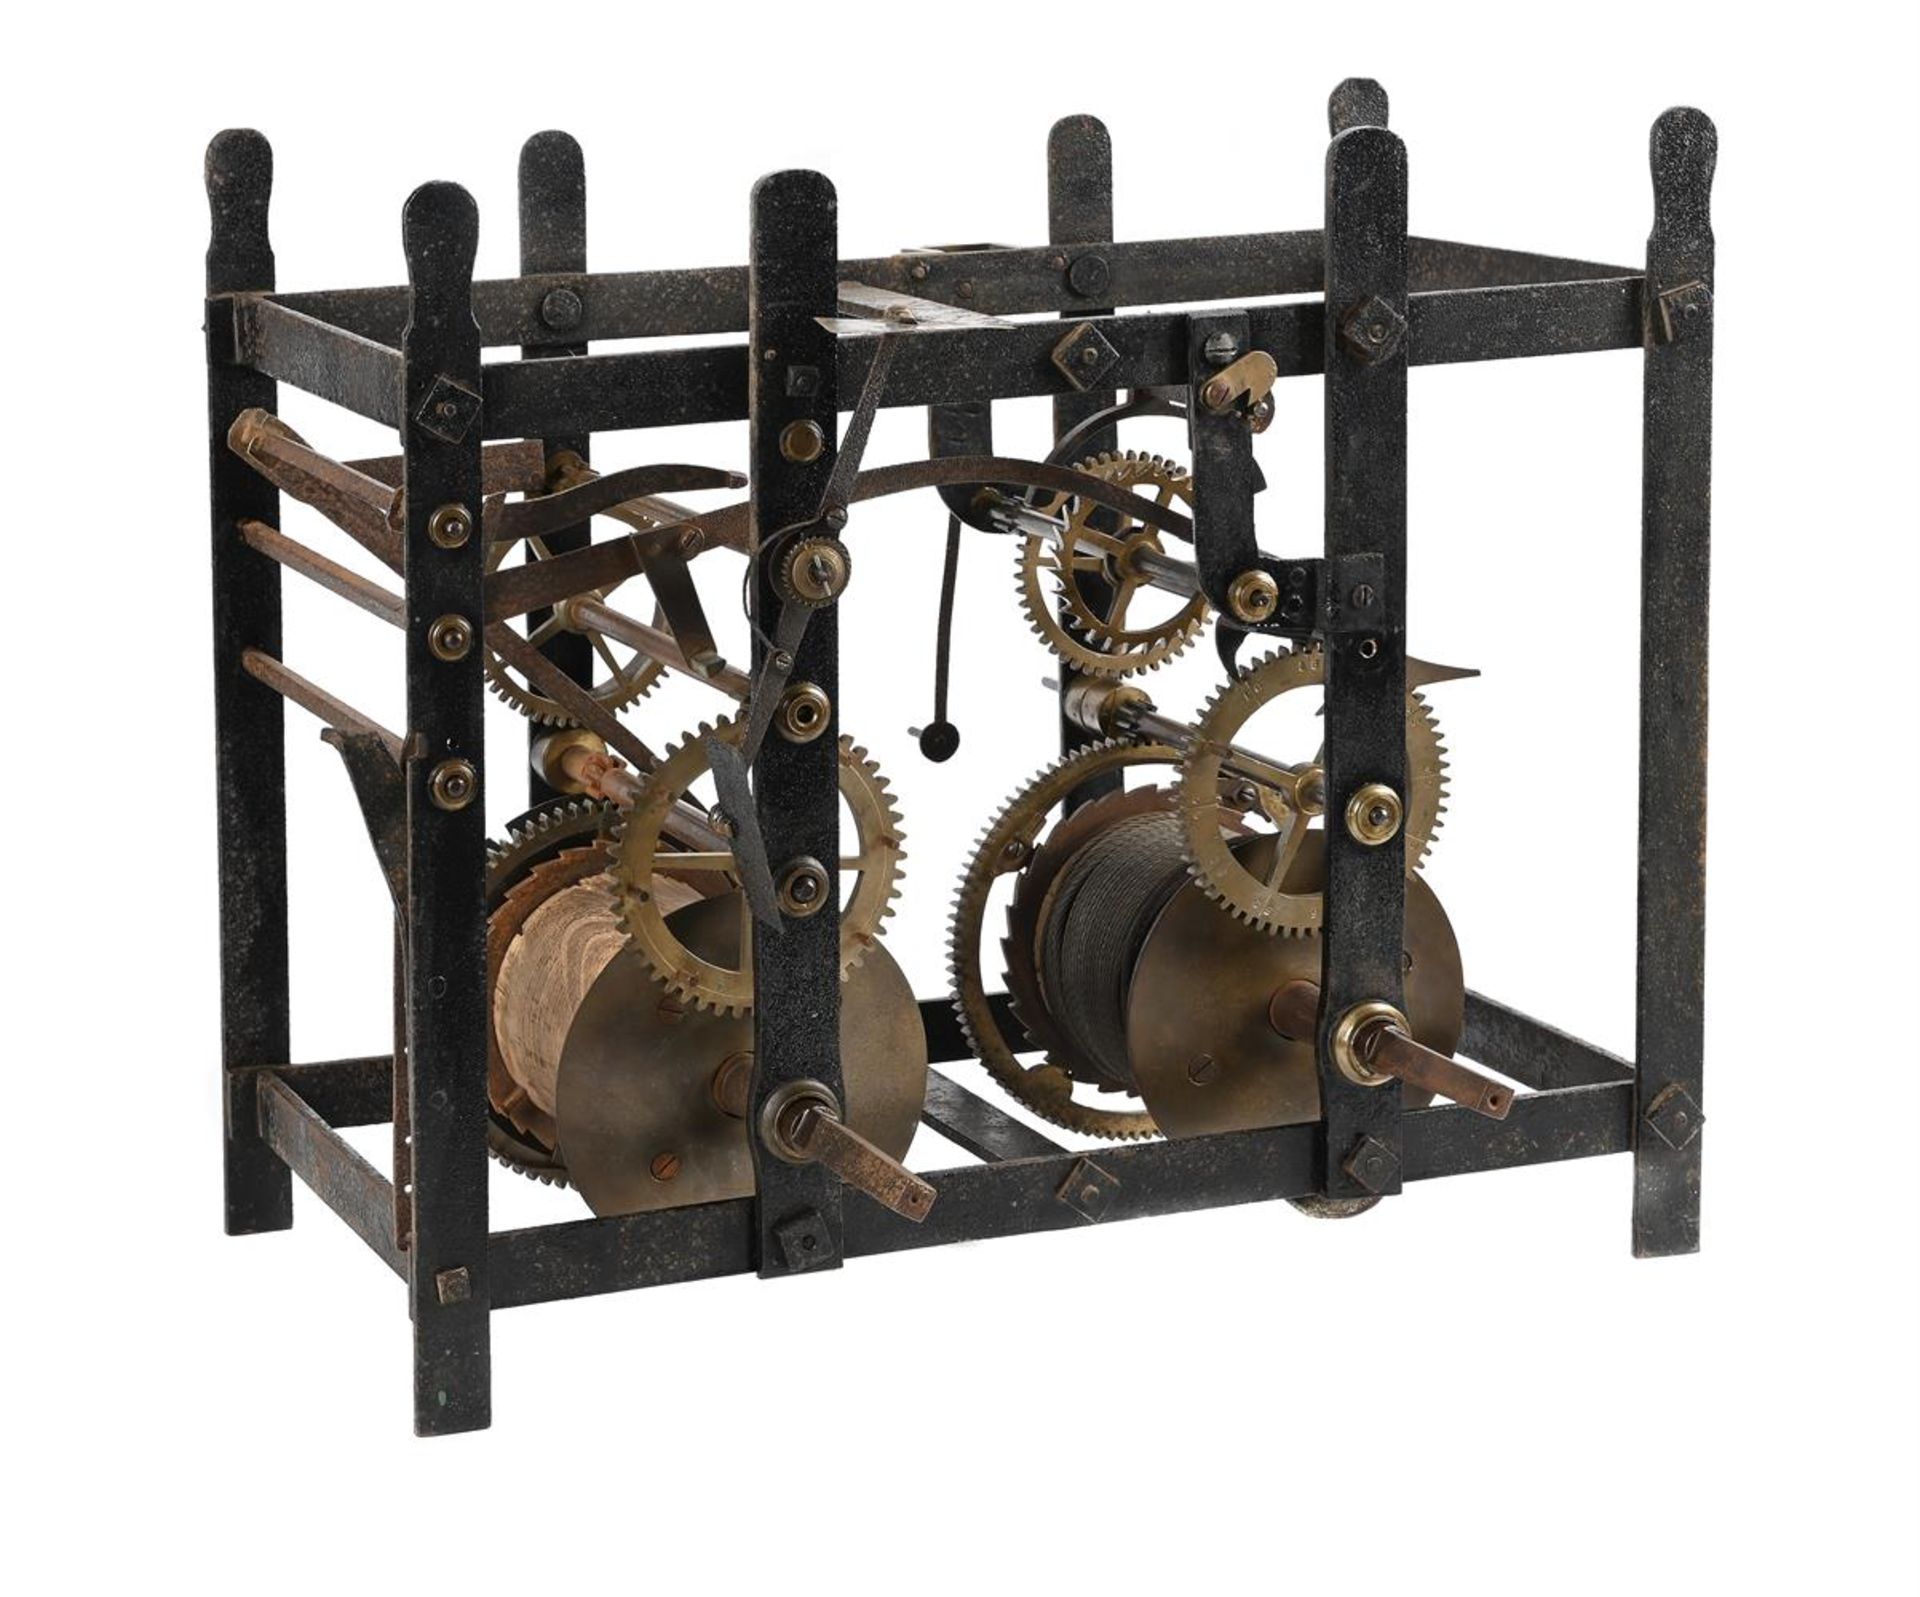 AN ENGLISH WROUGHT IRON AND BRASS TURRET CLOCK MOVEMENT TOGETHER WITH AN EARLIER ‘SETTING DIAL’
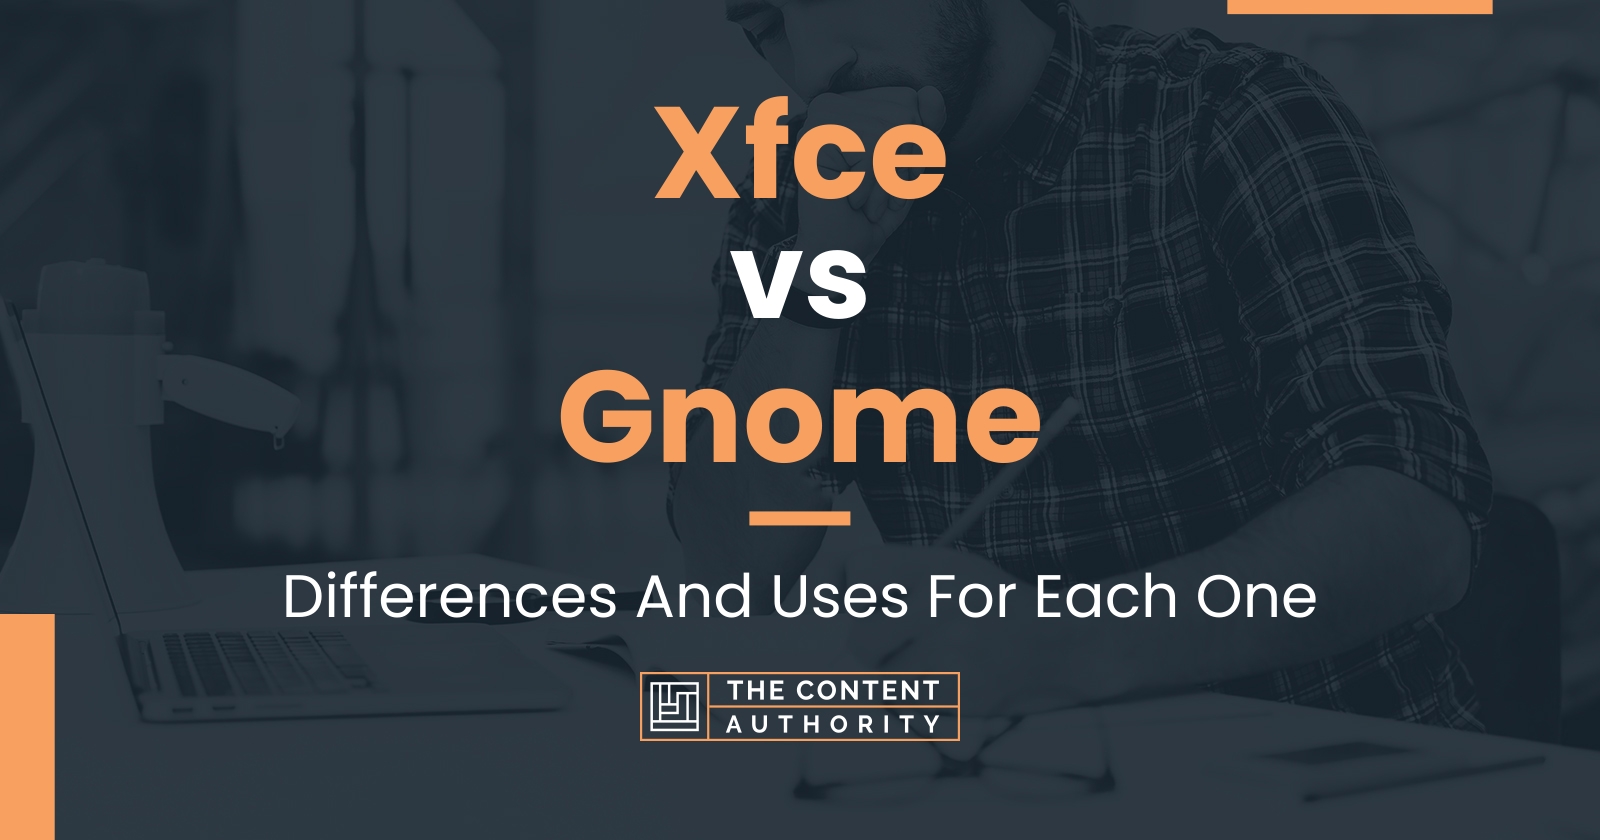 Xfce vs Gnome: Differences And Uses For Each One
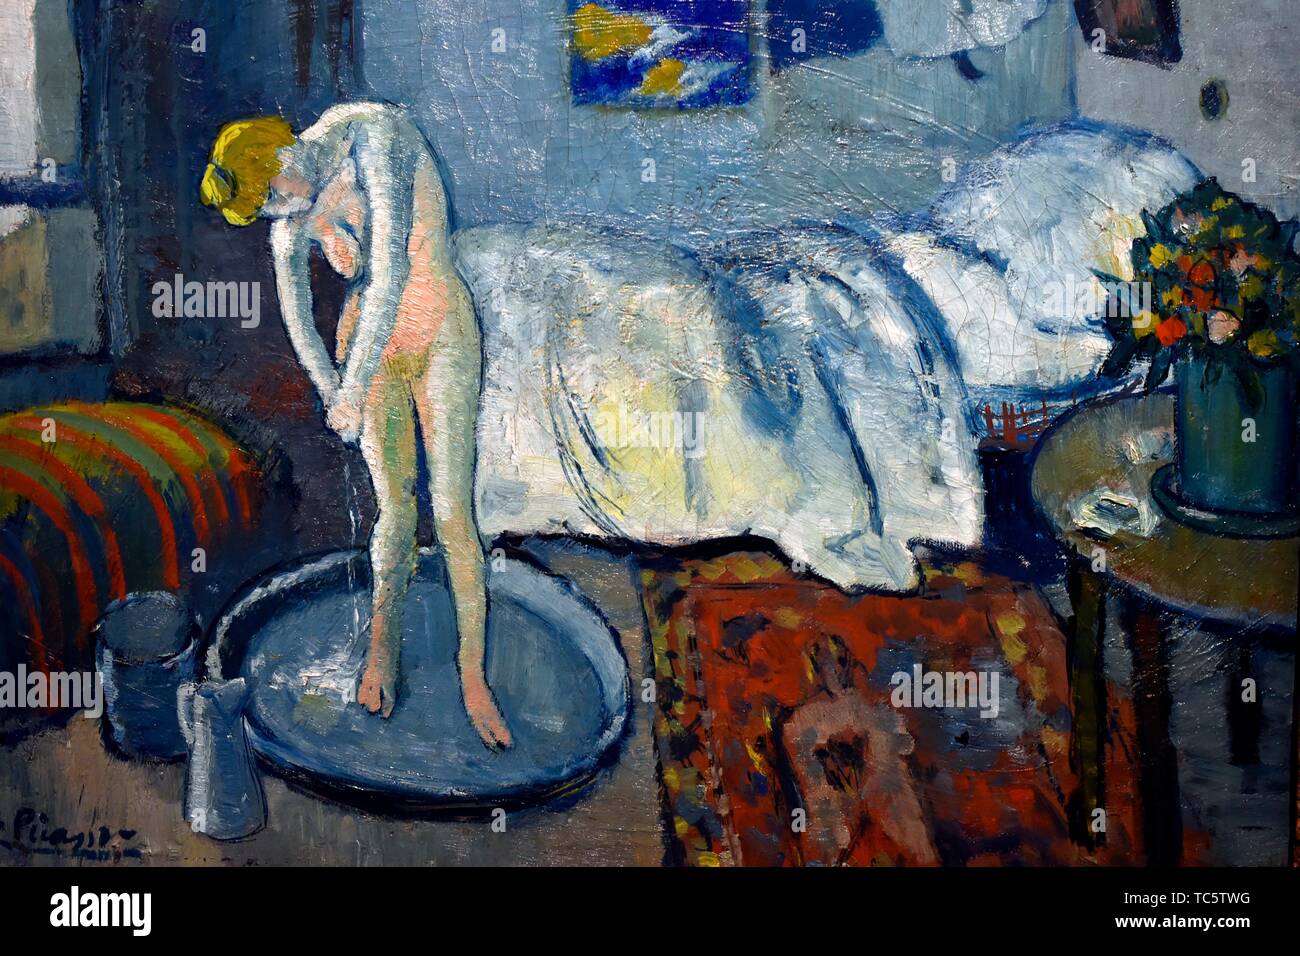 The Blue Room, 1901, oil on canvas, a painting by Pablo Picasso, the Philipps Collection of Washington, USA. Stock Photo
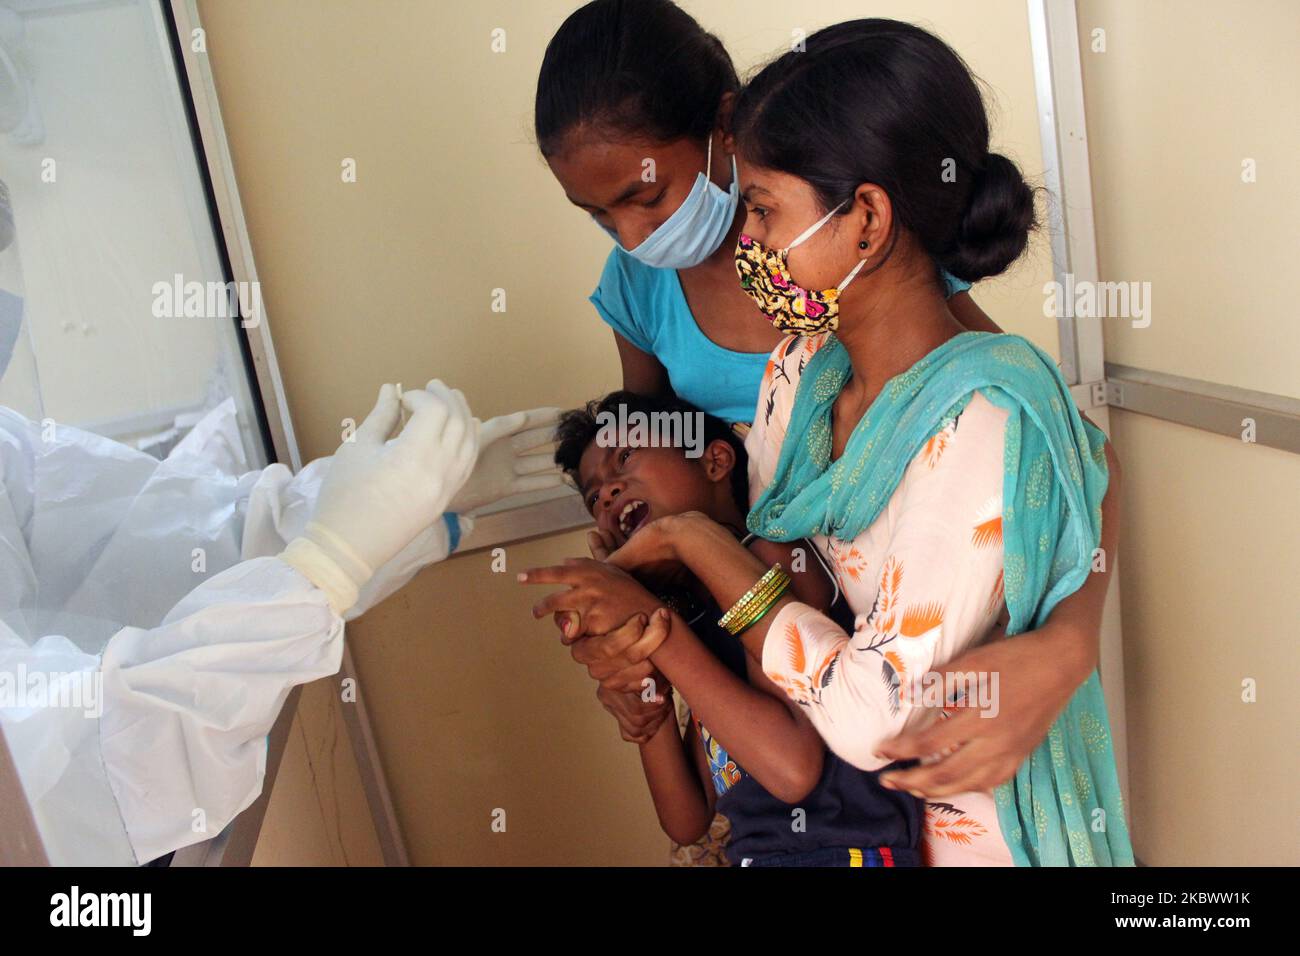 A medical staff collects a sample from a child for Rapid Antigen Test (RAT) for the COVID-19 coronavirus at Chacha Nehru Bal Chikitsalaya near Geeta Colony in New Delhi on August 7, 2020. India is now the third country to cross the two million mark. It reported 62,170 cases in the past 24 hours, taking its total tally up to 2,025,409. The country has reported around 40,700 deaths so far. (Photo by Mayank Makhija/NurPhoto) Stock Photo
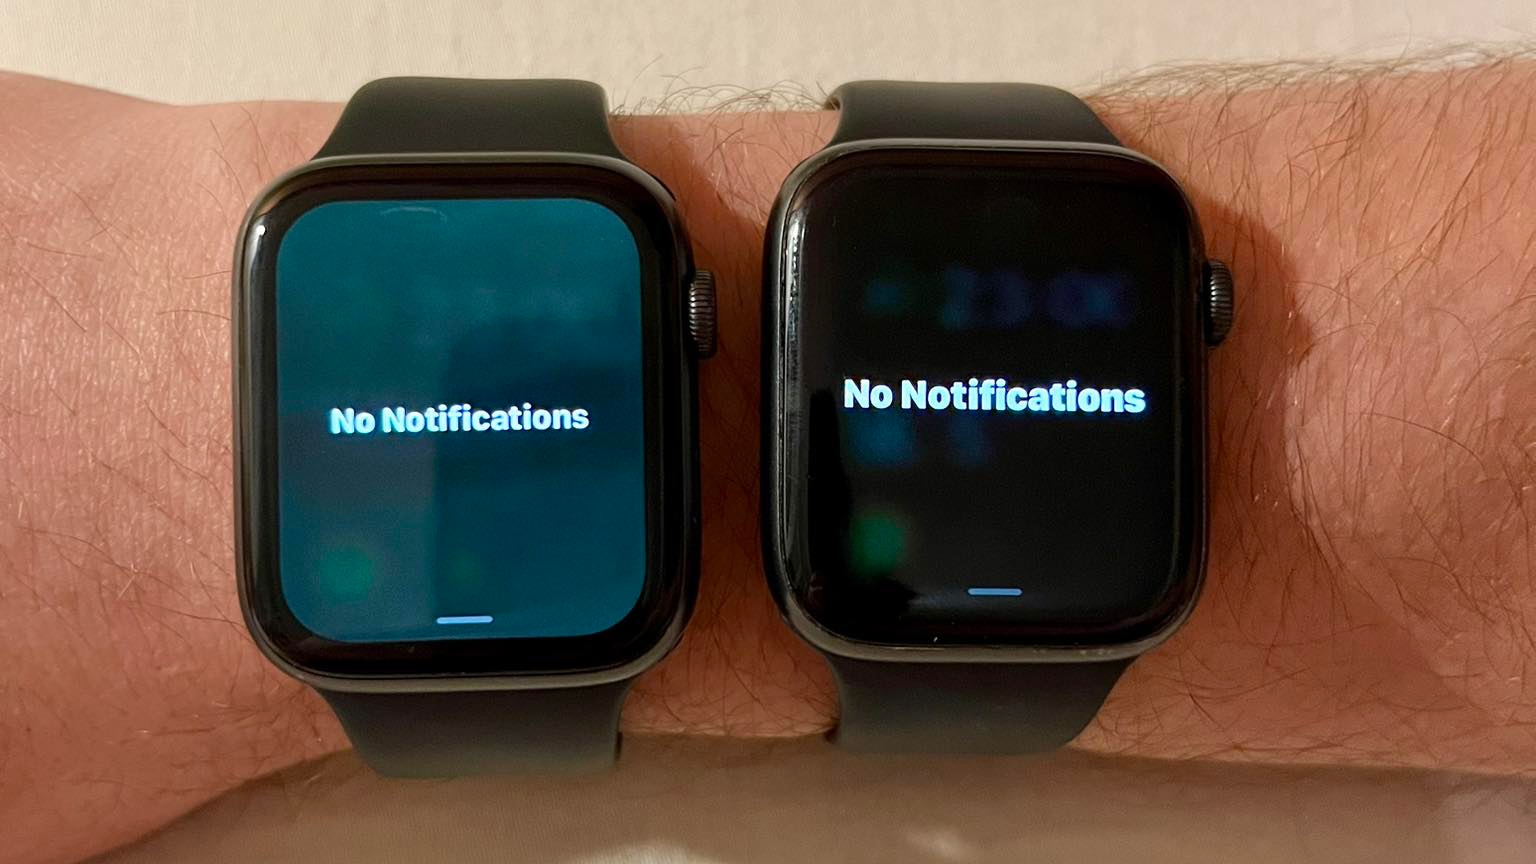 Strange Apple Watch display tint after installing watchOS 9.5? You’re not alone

| EXERCISE OBJECTIVE |
Find the line that contains "The Blue Room, 1901, oil", then write out that line and each one after it, exactly and with nothing else, through the end of the entries above, without the pictures.

| OUTPUT |
 The Blue Room, 1901, oil on canvas, a painting by Pablo Picasso, the Philipps Collection of Washington, USA. Stock Photo
 A medical staff collects a sample from a child for Rapid Antigen Test (RAT) for the COVID-19 coronavirus at Chacha Nehru Bal Chikitsalaya near Geeta Colony in New Delhi on August 7, 2020. India is now the third country to cross the two million mark. It reported 62,170 cases in the past 24 hours, taking its total tally up to 2,025,409. The country has reported around 40,700 deaths so far. (Photo by Mayank Makhija/NurPhoto) Stock Photo
 Strange Apple Watch display tint after installing watchOS 9.5? You’re not alone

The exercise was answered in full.